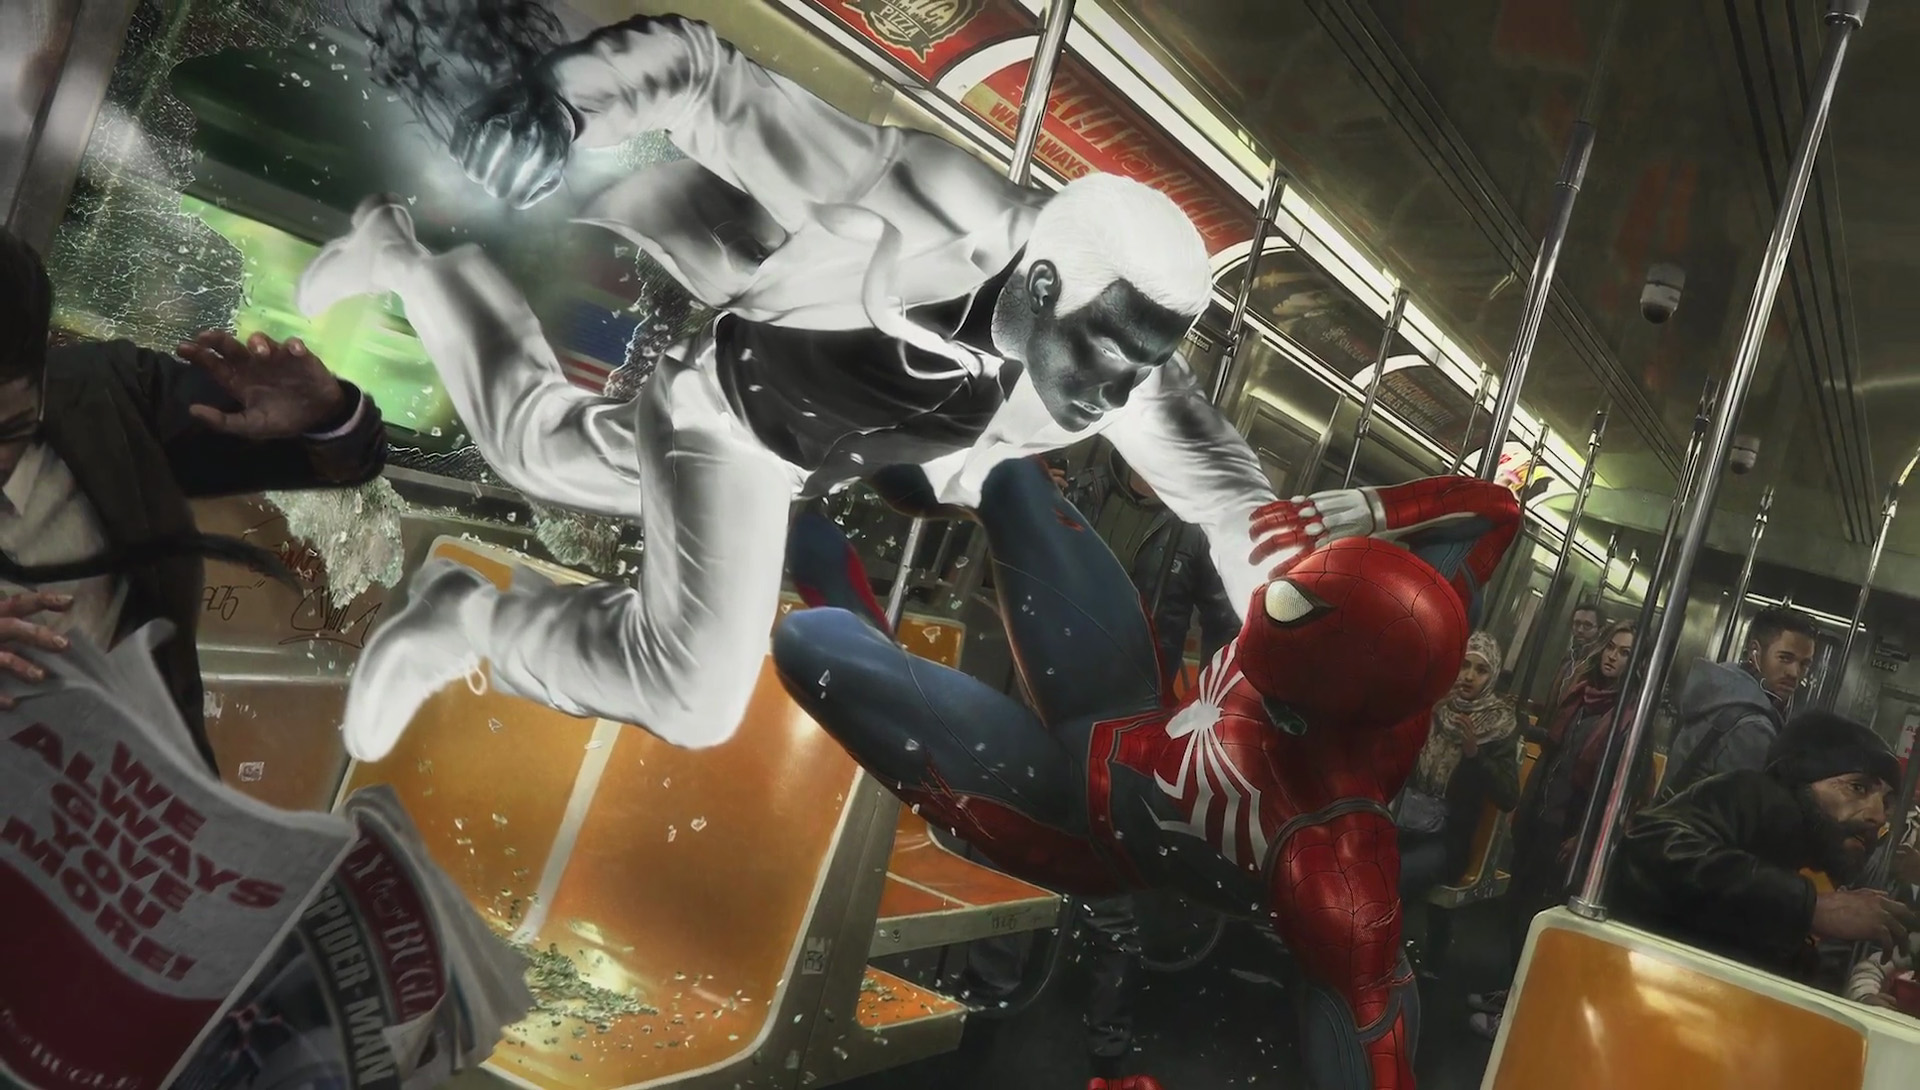 General 1920x1090 video games PlayStation 4 Spider-Man concept art train subway glass
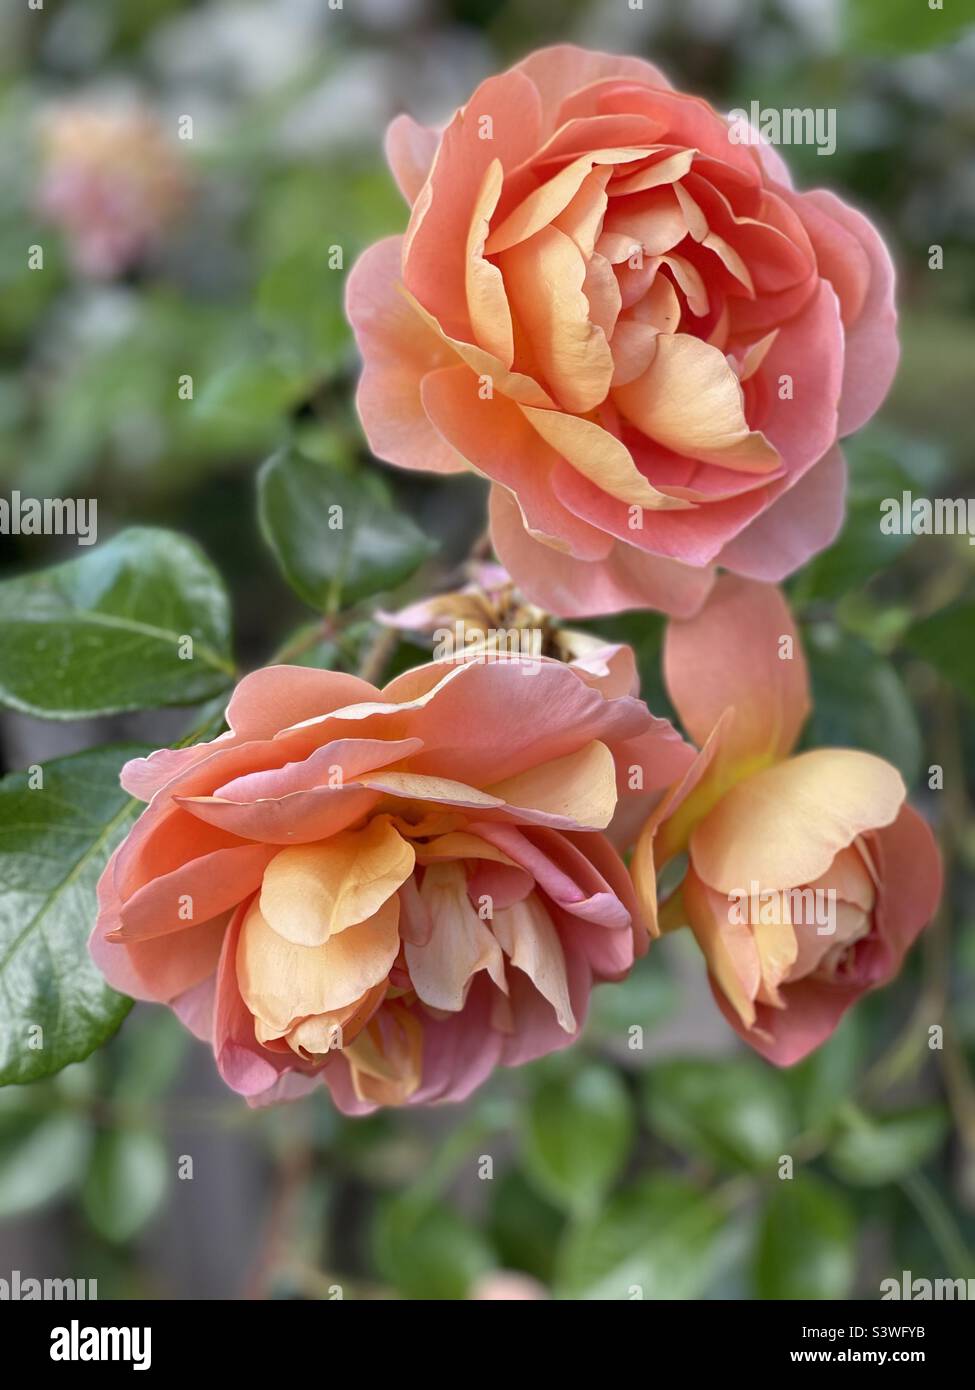 Magische Welt der Rosen - orange rosa Teerose Stockfoto
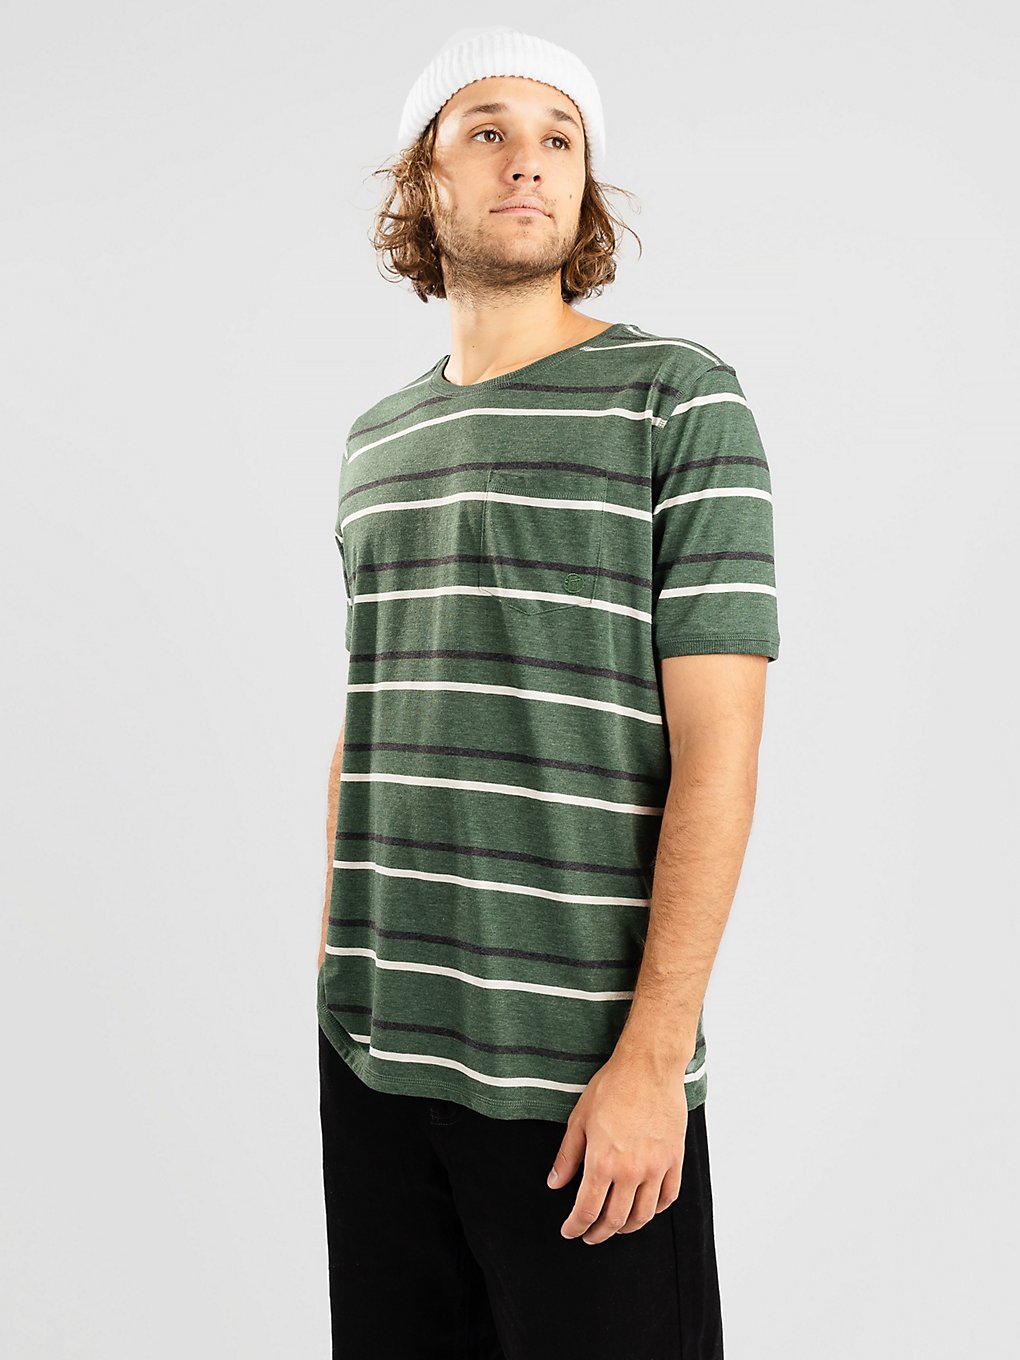 Kazane Moss Stripe T-Shirt groen
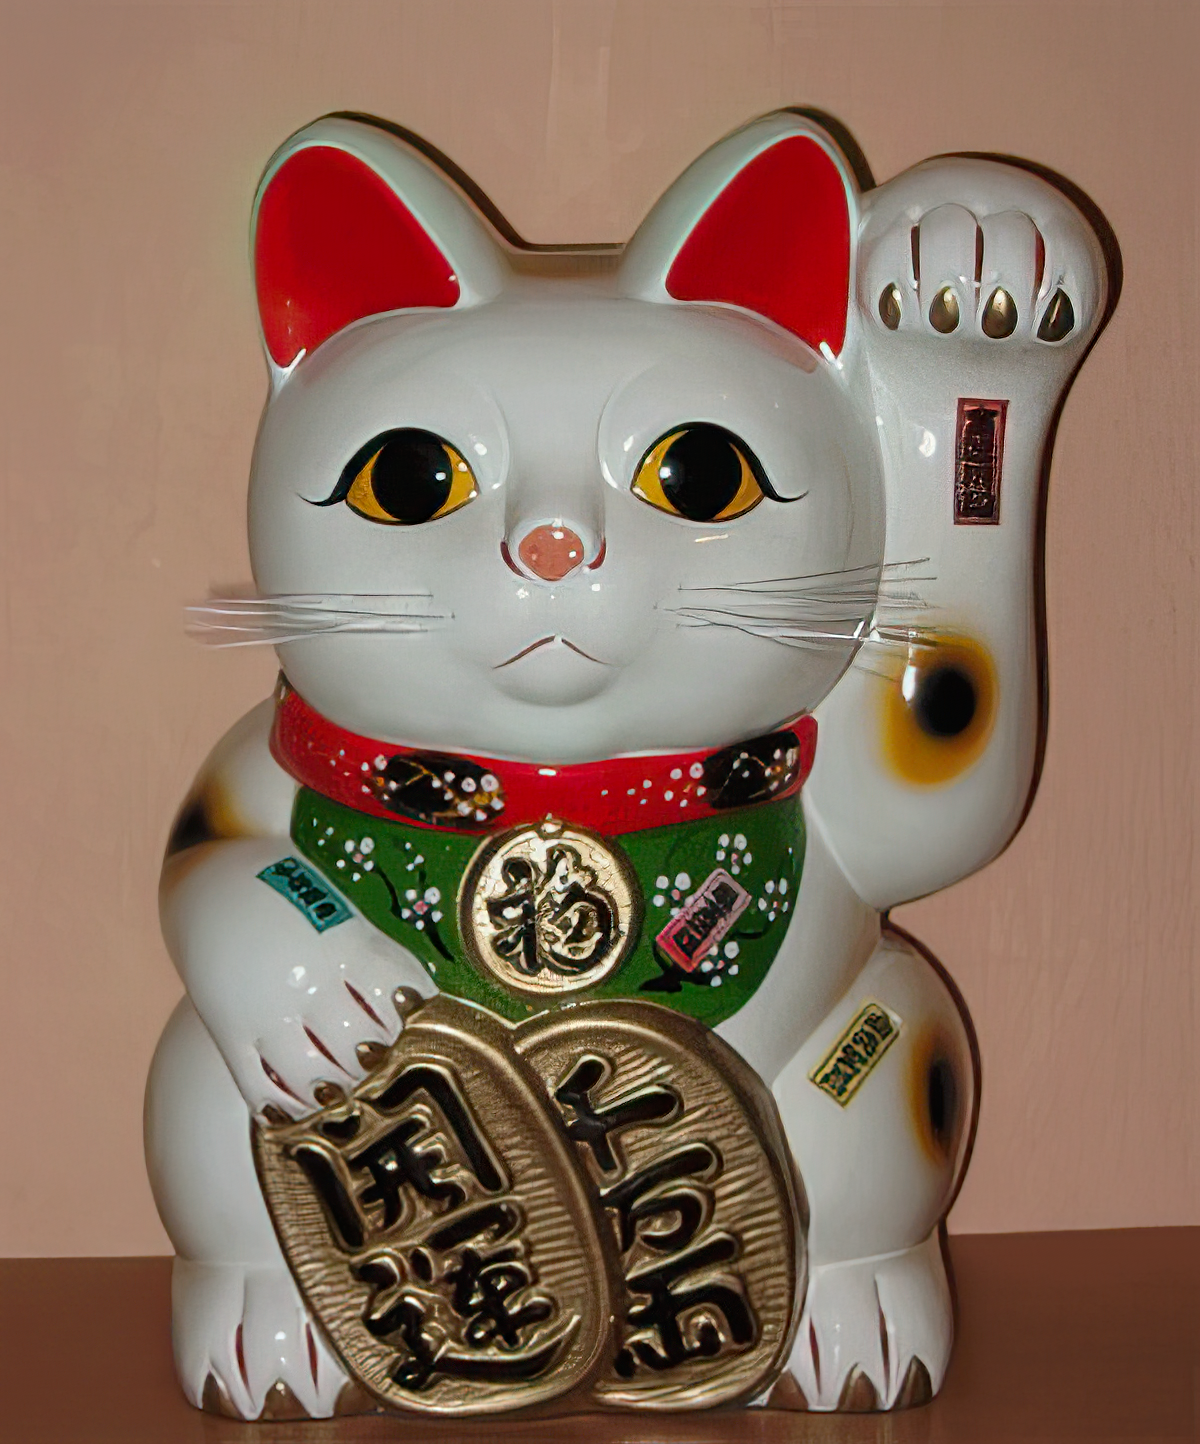 The cat statue Maneki Neko with a gold coin
___
TASK STATEMENT
An exact, word-for-word version of the material is required, free of pictures.

ANSWER TO THE EXERCISE
 General 1920x1090 video games PlayStation 4 Spider-Man concept art train subway glass
 Magische Welt der Rosen - orange rosa Teerose Stockfoto
 Kazane Moss Stripe T-Shirt groen
 The cat statue Maneki Neko with a gold coin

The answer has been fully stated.